Considérées comme essentielles pour les sportifs, les protéines jouent un rôle crucial dans le développement musculaire ainsi que dans le renforcement du système immunitaire. Cet article explore comment intégrer davantage de protéines dans son alimentation quotidienne.
Les protéines : un allié pour tous
Indispensables pour un régime équilibré, les protéines soutiennent le métabolisme et le renouvellement cellulaire. Elles se trouvent aussi bien dans les sources animales comme le lait, les œufs, la viande et le poisson que dans les sources végétales, telles que les légumineuses, le quinoa et les céréales. Une alimentation variée permet de couvrir les besoins essentiels en protéines.
Après avoir consulté un coach en nutrition, Samantha Boesch, une journaliste américaine, a décidé de viser un apport quotidien de 100 g de protéines. Dans un article publié par Eat This, Not That!, elle partage son parcours.

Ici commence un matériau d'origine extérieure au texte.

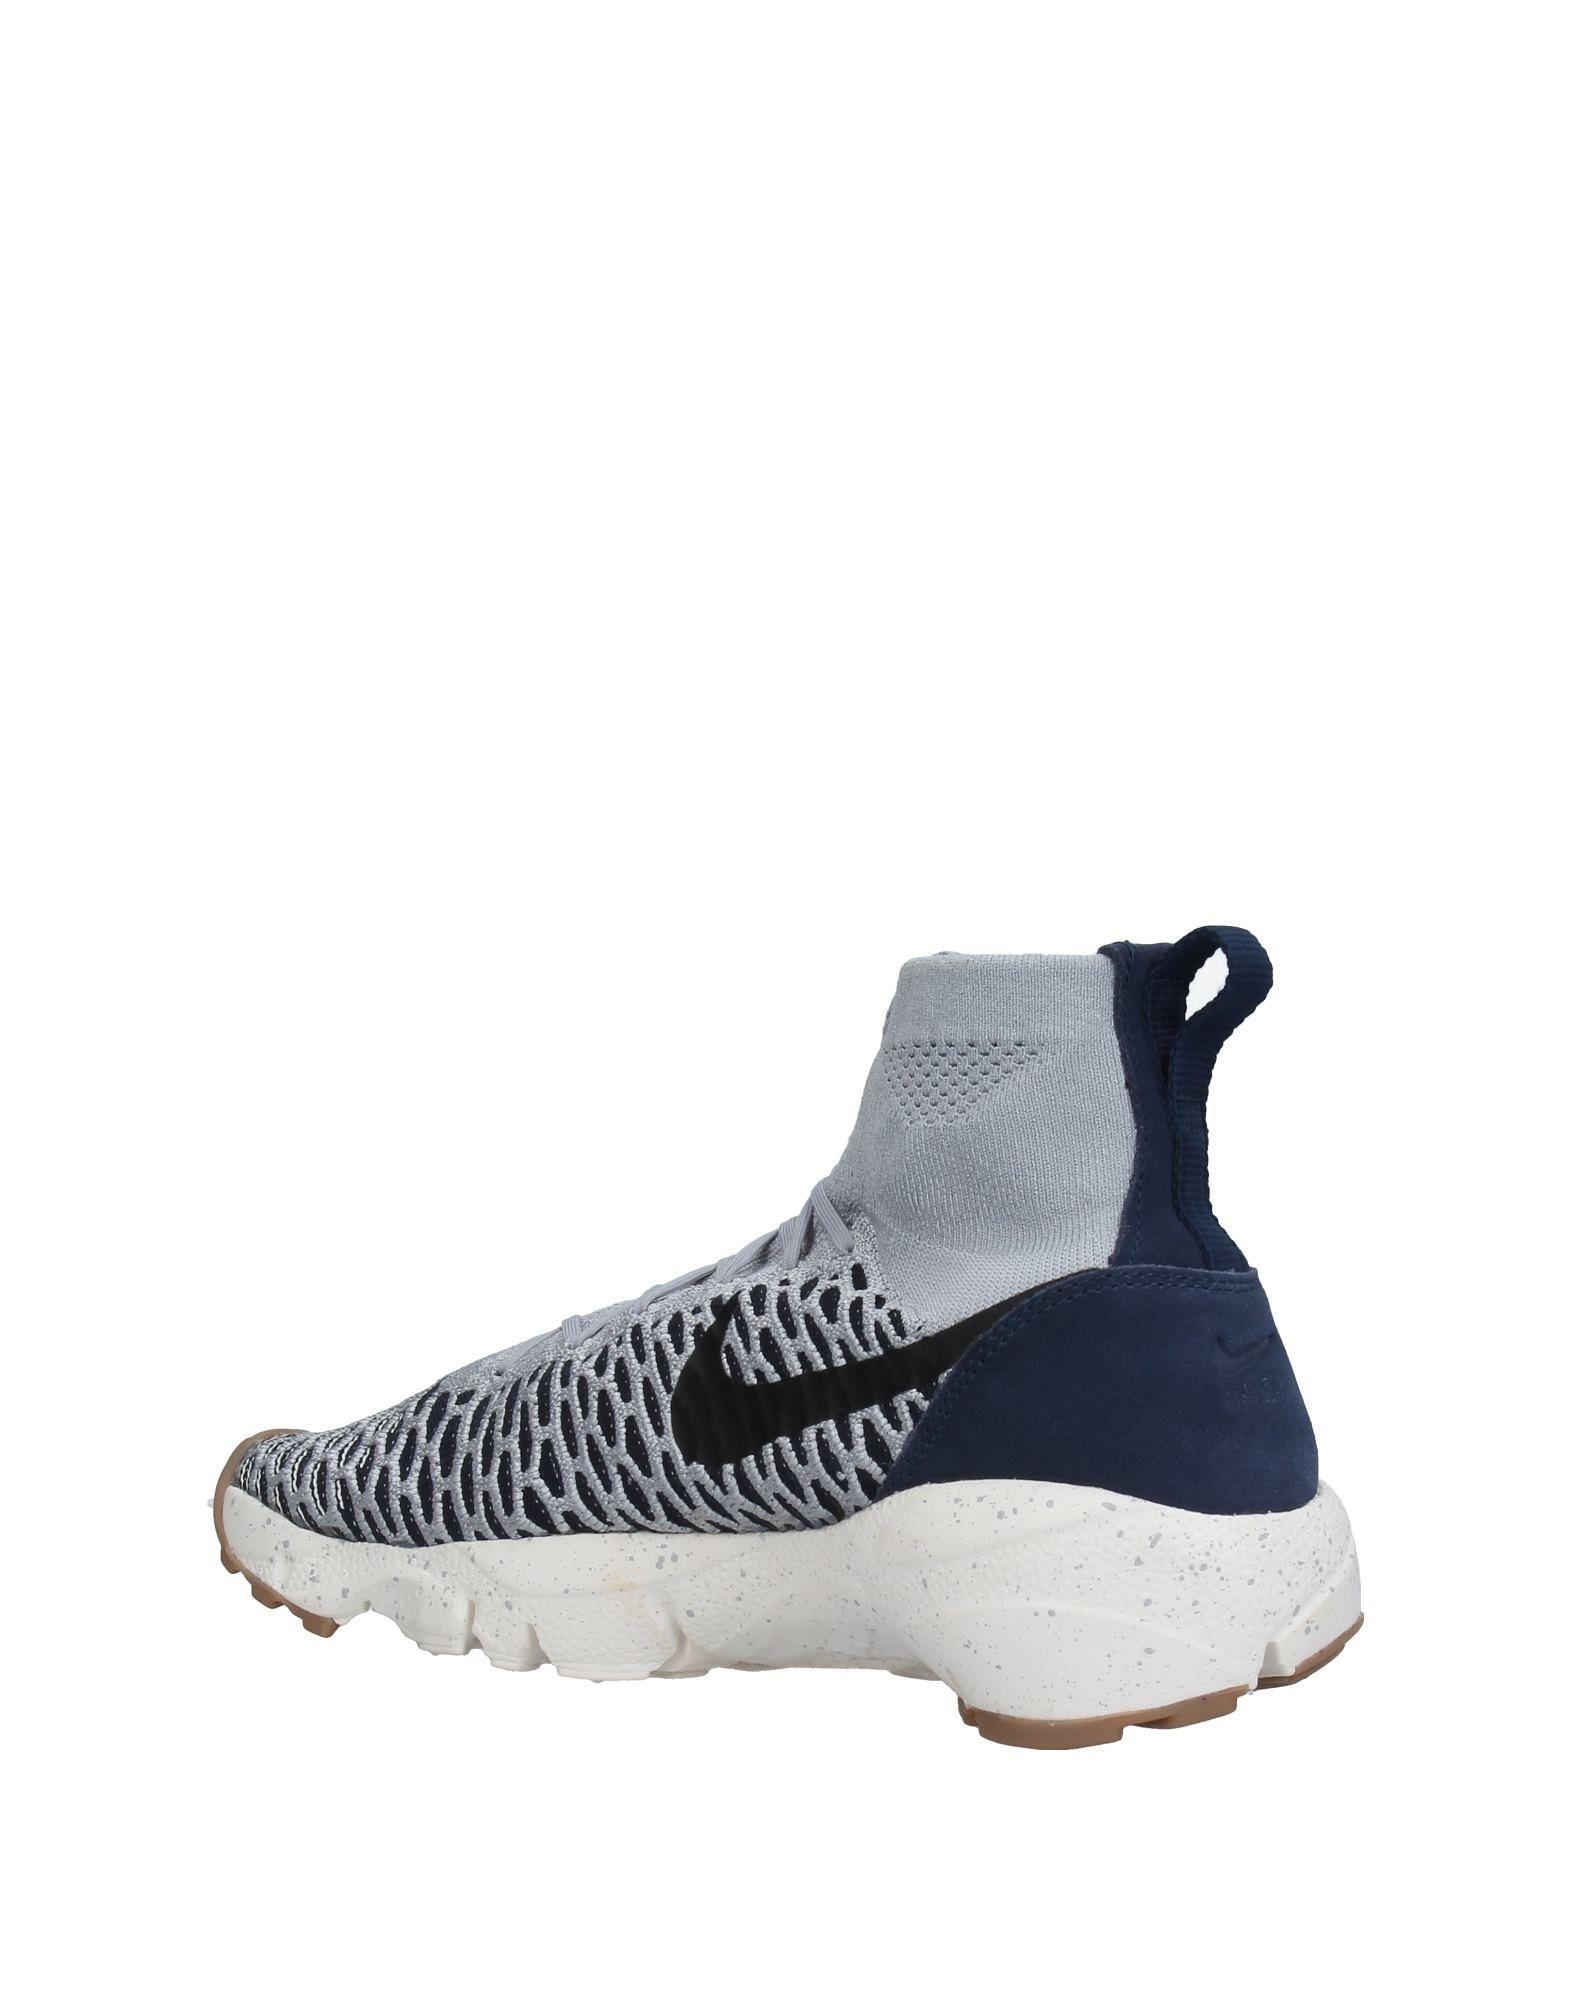 nike hightops amp sneakers in gray for men lyst

Un défi relevé : atteindre 100g de protéines par jour
Au début, Samantha était perplexe : "Atteindre 100 grammes de protéines me semblait ardue", confie-t-elle. Elle a néanmoins découvert que cet objectif était réalisable. Après plusieurs mois de suivi, elle a remarqué des changements notables dans sa santé, tels qu'une diminution des fringales, une perte de poids et un meilleur bien-être général.
Exemple de journée alimentaire
Pour faciliter son objectif, elle a suivi un programme alimentaire d'une semaine proposé par l'application MyFitnessPal. Cette application offre des idées de recettes riches en protéines et une liste d'ingrédients tels que les œufs, le poulet, le saumon, et plus encore. Un exemple de journée type pour elle comprend :
- Petit-déjeuner : 2 œufs
- Déjeuner : burger de poulet maison
- Dîner : saumon rôti, accompagné de légumes et de féculents
En se basant sur ses recherches, Samantha souligne que les recommandations varient, mais suggère de viser des apports en protéines supérieurs aux valeurs minimales établies : 46 g par jour pour les femmes et 56 g pour les hommes.
D'après l'Anses, des apports de 0,83 à 2,2 g/kg/jour peuvent être considérés comme satisfaisants pour les adultes de moins de 60 ans.